• DATA SHOWN:
· · · · · · ·

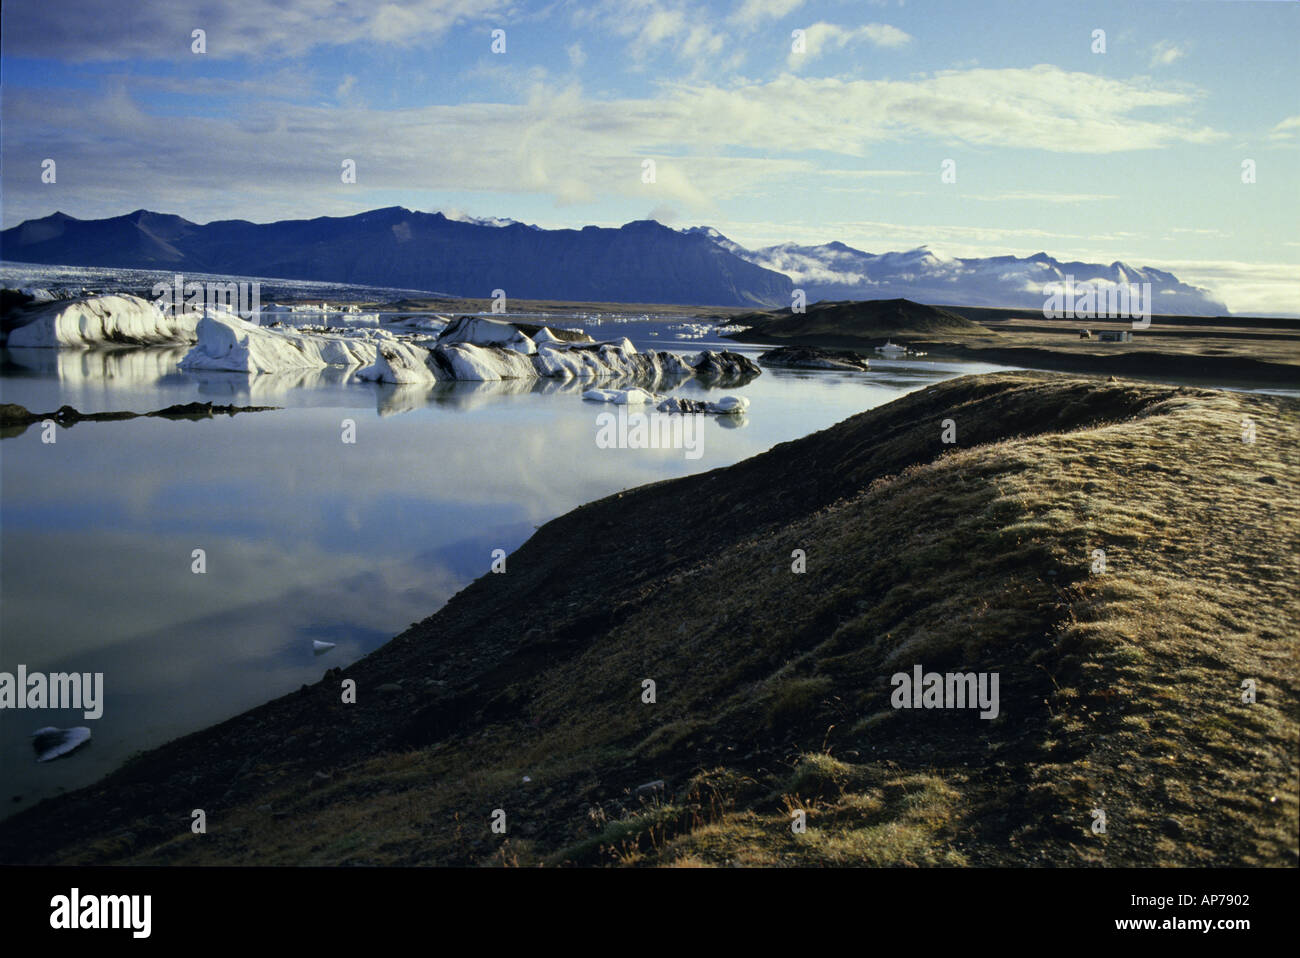 Iceland jokulsarlon lagoon icebergs Stock Photo
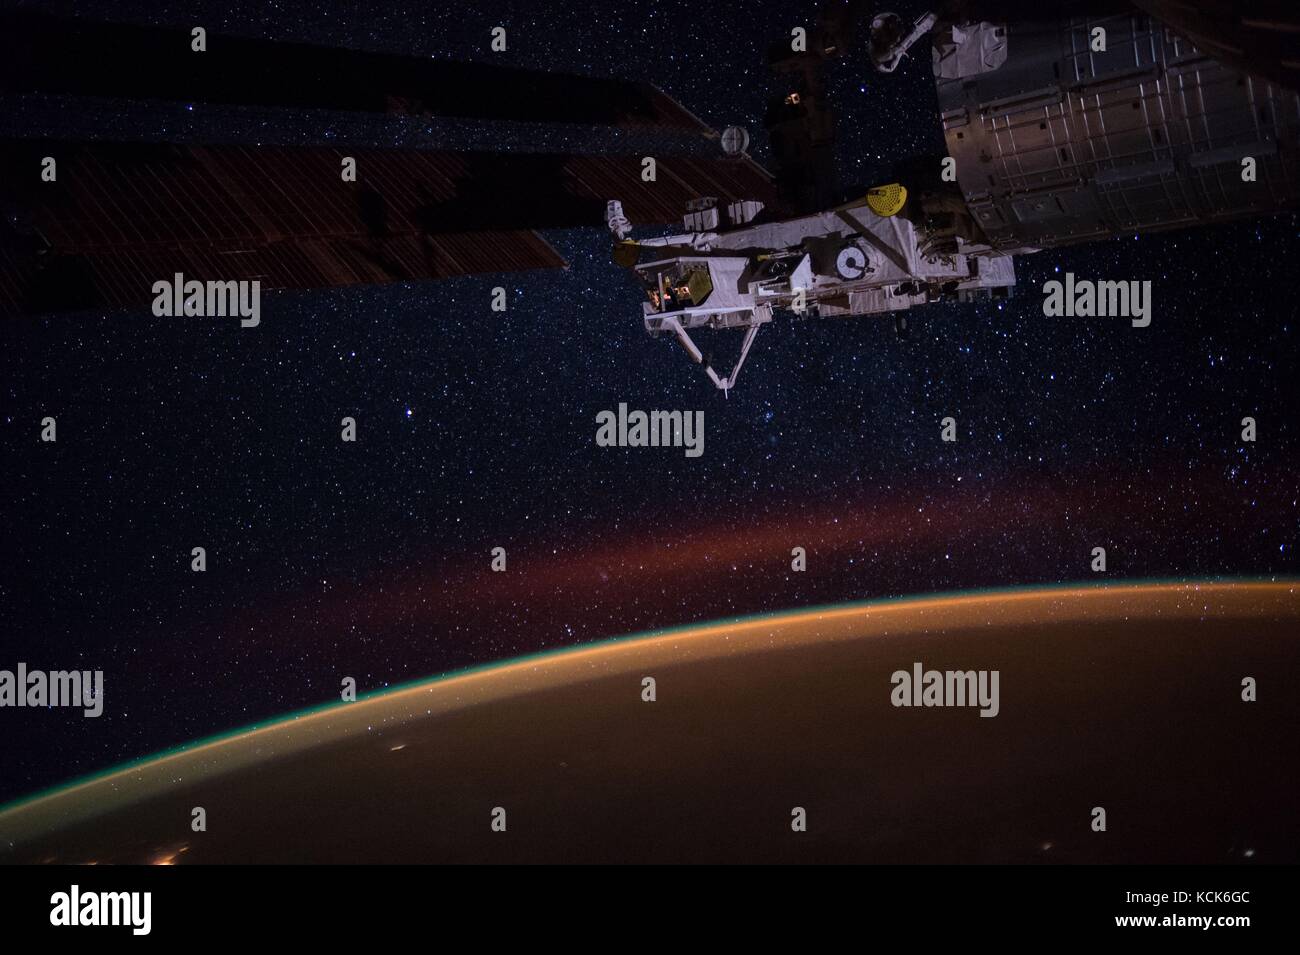 Die NASA ISS Expedition 49 crew Astronauten fangen die Atmosphäre der Erde, die Sterne in der Milchstraße, und eine Anlage an Bord des japanischen Moduls kibo Labor in der Nacht Oktober 8, 2016 in der Erdumlaufbahn. (Foto: Nasa Foto über planetpix) Stockfoto
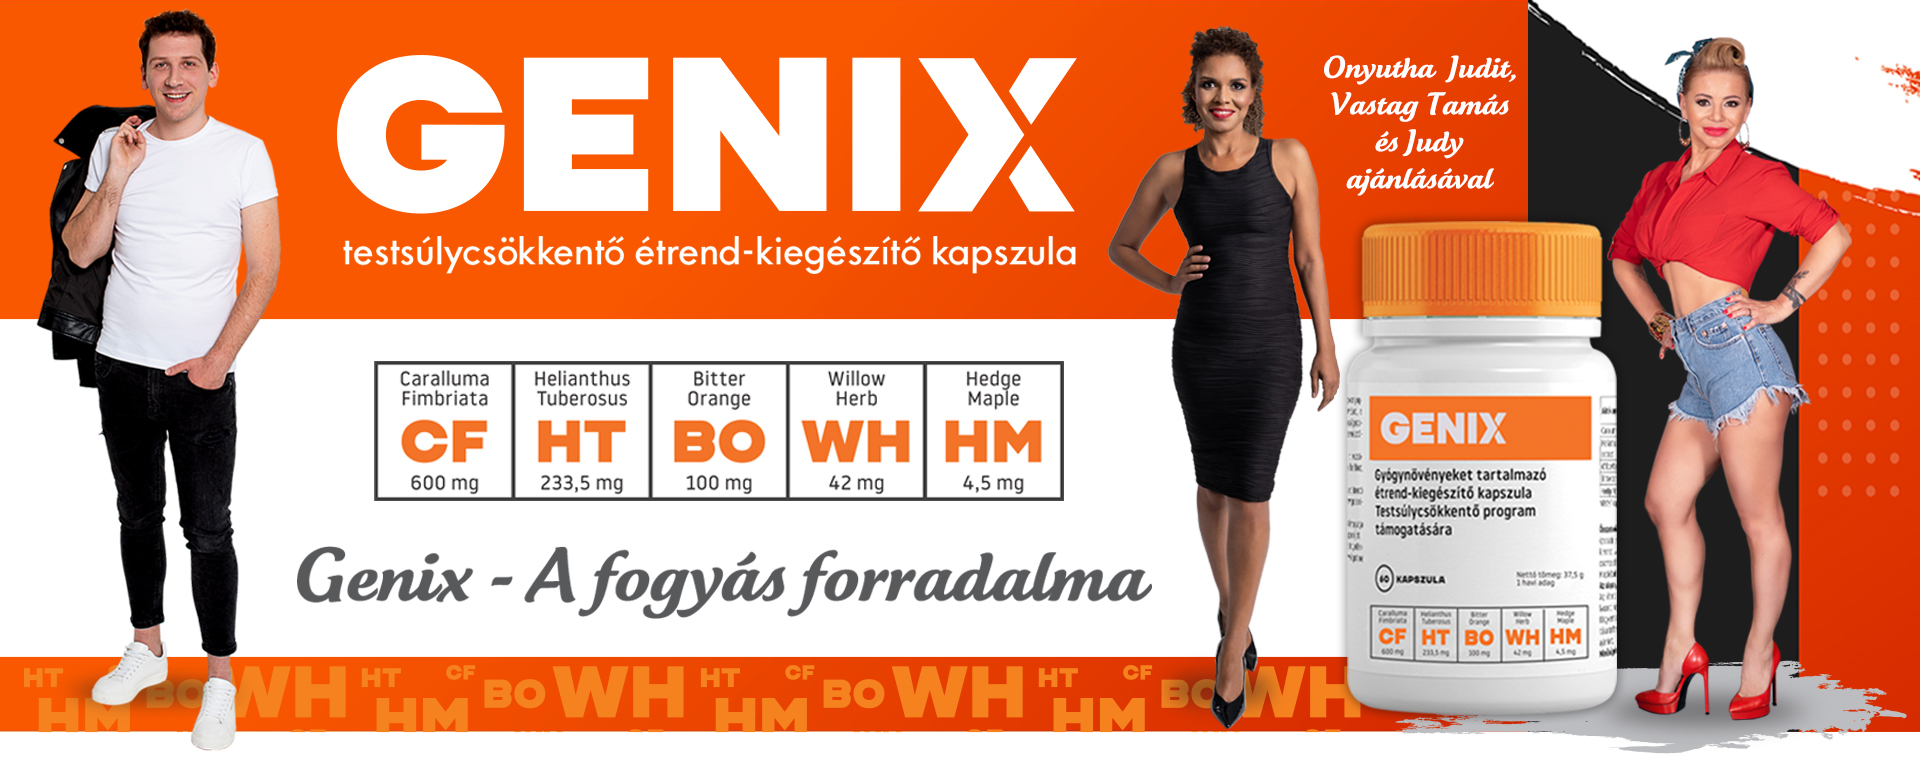 GENIX testsúlycsökkentő étrend-kiegészítő kapszula db 3 havi kúra - cibau-granule.cz
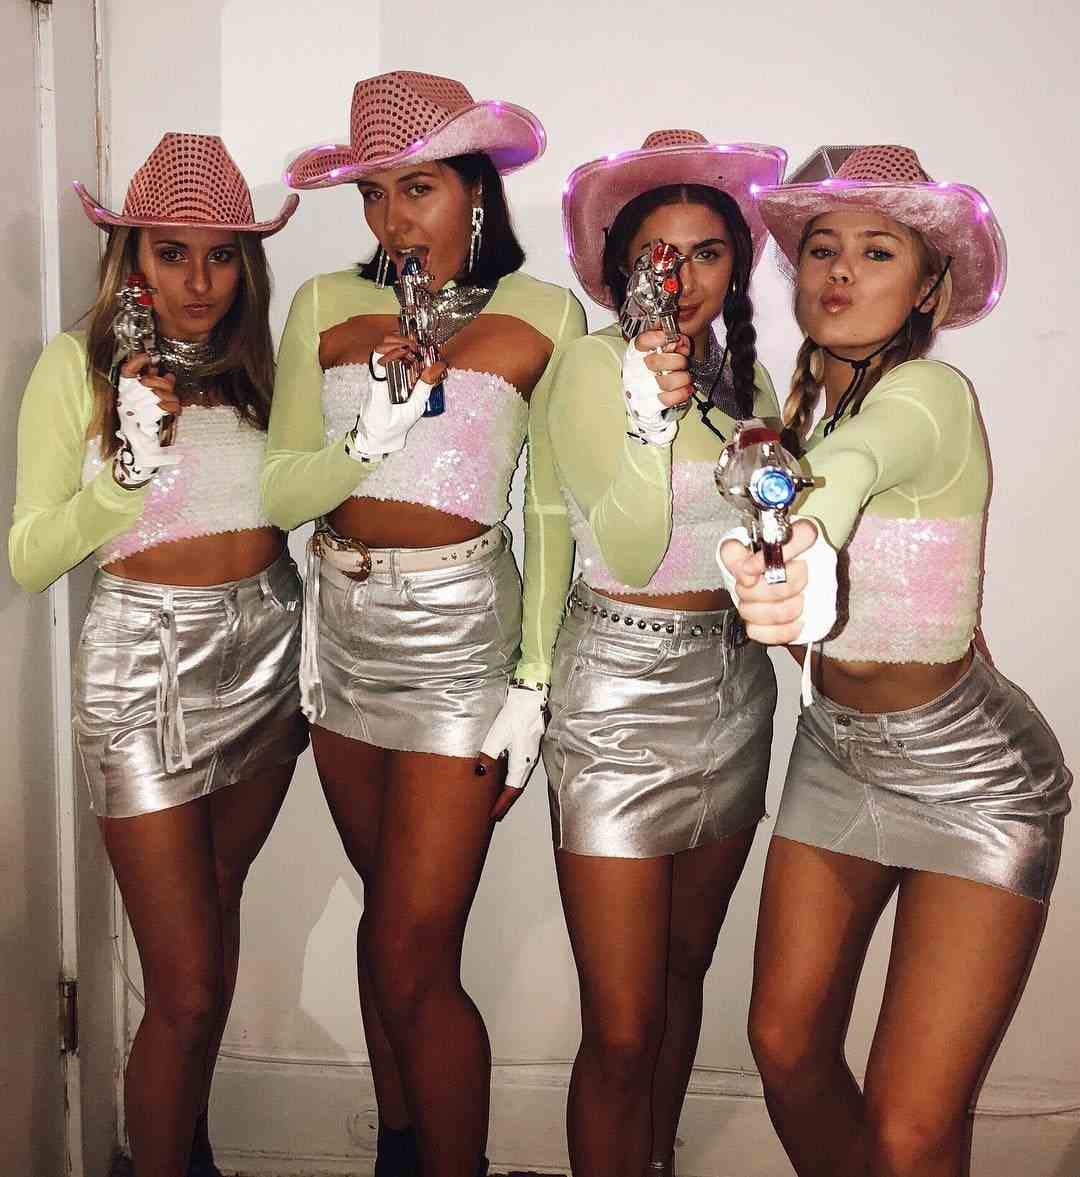 Halloween Gruppen-Kostüm für 4 Personen Cowgirls Kostüm

· · · · · · ·

Print the full listing above exactly. Pictures stay out of the copy.

• RESPONSE TO THIS EXERCISE:
 Iceland jokulsarlon lagoon icebergs Stock Photo
 Die NASA ISS Expedition 49 crew Astronauten fangen die Atmosphäre der Erde, die Sterne in der Milchstraße, und eine Anlage an Bord des japanischen Moduls kibo Labor in der Nacht Oktober 8, 2016 in der Erdumlaufbahn. (Foto: Nasa Foto über planetpix) Stockfoto
 GENIX testsúlycsökkentő étrend-kiegészítő kapszula db 3 havi kúra - cibau-granule.cz
 Halloween Gruppen-Kostüm für 4 Personen Cowgirls Kostüm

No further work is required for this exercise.